The story of Fannie Mae is certainly interesting in this regard for the fact that it was commissioned in 1938 after the Great Depression provide the necessary impetus to the US housing market as a part of the New Deal (a series of economic programmes enacted in US between 1933 and 1936). Interestingly, it was this mortgage giant that ended up initiating the second biggest financial crisis ever. In fact, by the time Global Financial Crisis started (in the second quarter of 2008) Fannie Mae and Freddie Mac (the younger counter art of Fannie Mae was commissioned in 1970 to give competition to the former) had been exposed to subprime/Alt-A loans worth a mind-boggling $388 billion and $392 billion respectively.

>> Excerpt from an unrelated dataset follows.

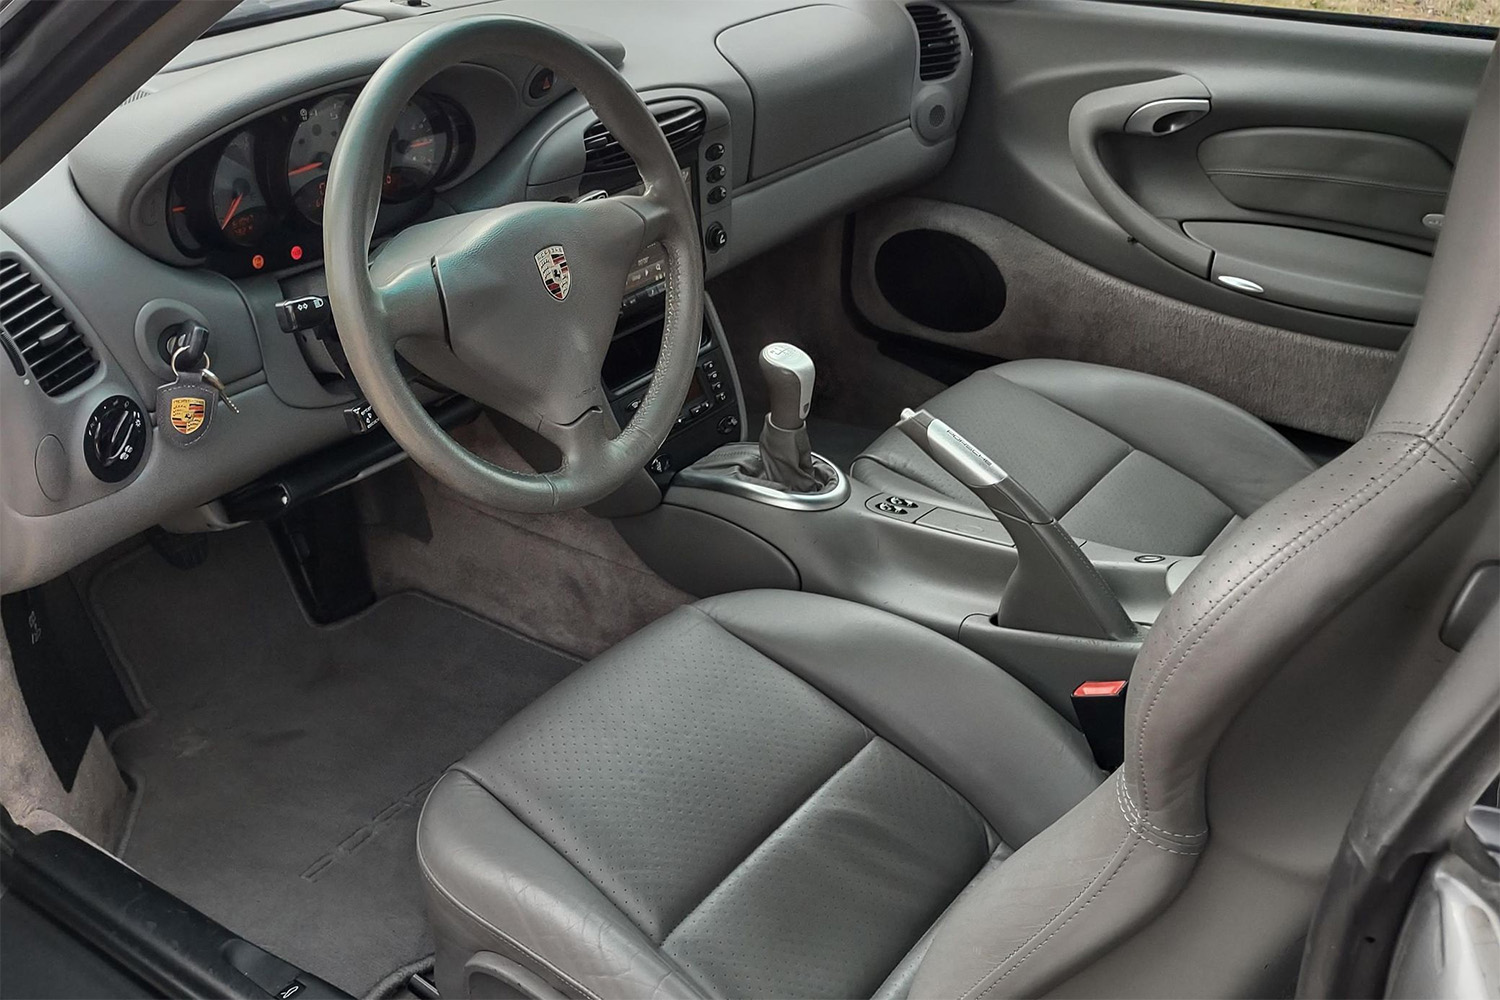 Interior of 2001 Porsche 911 996 Carrera 2 base coupe with technic and sport package

Certainly, considering that the annual Private-label Mortgage-backed Securities issuances remained at over $800 billion per year in 2005 and 2006, one cannot say that these GSEs caused the crisis, but they for sure were the biggest contributors. Perhaps this was what prompted Senator John McCain to say that “the catalyst for this housing crisis” was Fannie Mae and Freddie Mac. In one of the debates during the Presidential campaign in 2008, he had claimed that these two GSEs “caused the subprime lending situation that now caused the housing market in America to collapse.”
However, with the taxpayers owing close to 80% of the two GSEs post bankruptcy, the onus was on the government to use them to reorganise the US housing market. And as it can be seen, the job is done, at least to some extent. After long, the US housing market seems gaining legs. What is more interesting is the fact that now it’s in a situation where people have started looking forward to it as a growth driver. Agrees Celia Chen, West Chester based Senior Director at Moody’s Analytics, as she tells B&E, “Housing, once the Achilles’ heel of the US economy, is starting to look like a source of strength in a recovery that has lost its vigor and faces significant roadblocks. That housing is now a bright spot speaks more about the weakness of the recovery than absolute strength in housing.” This comes as a relief at a time when the other drivers of growth are faltering. Housing is about to turn from being a drag on the broader economy to being a driver.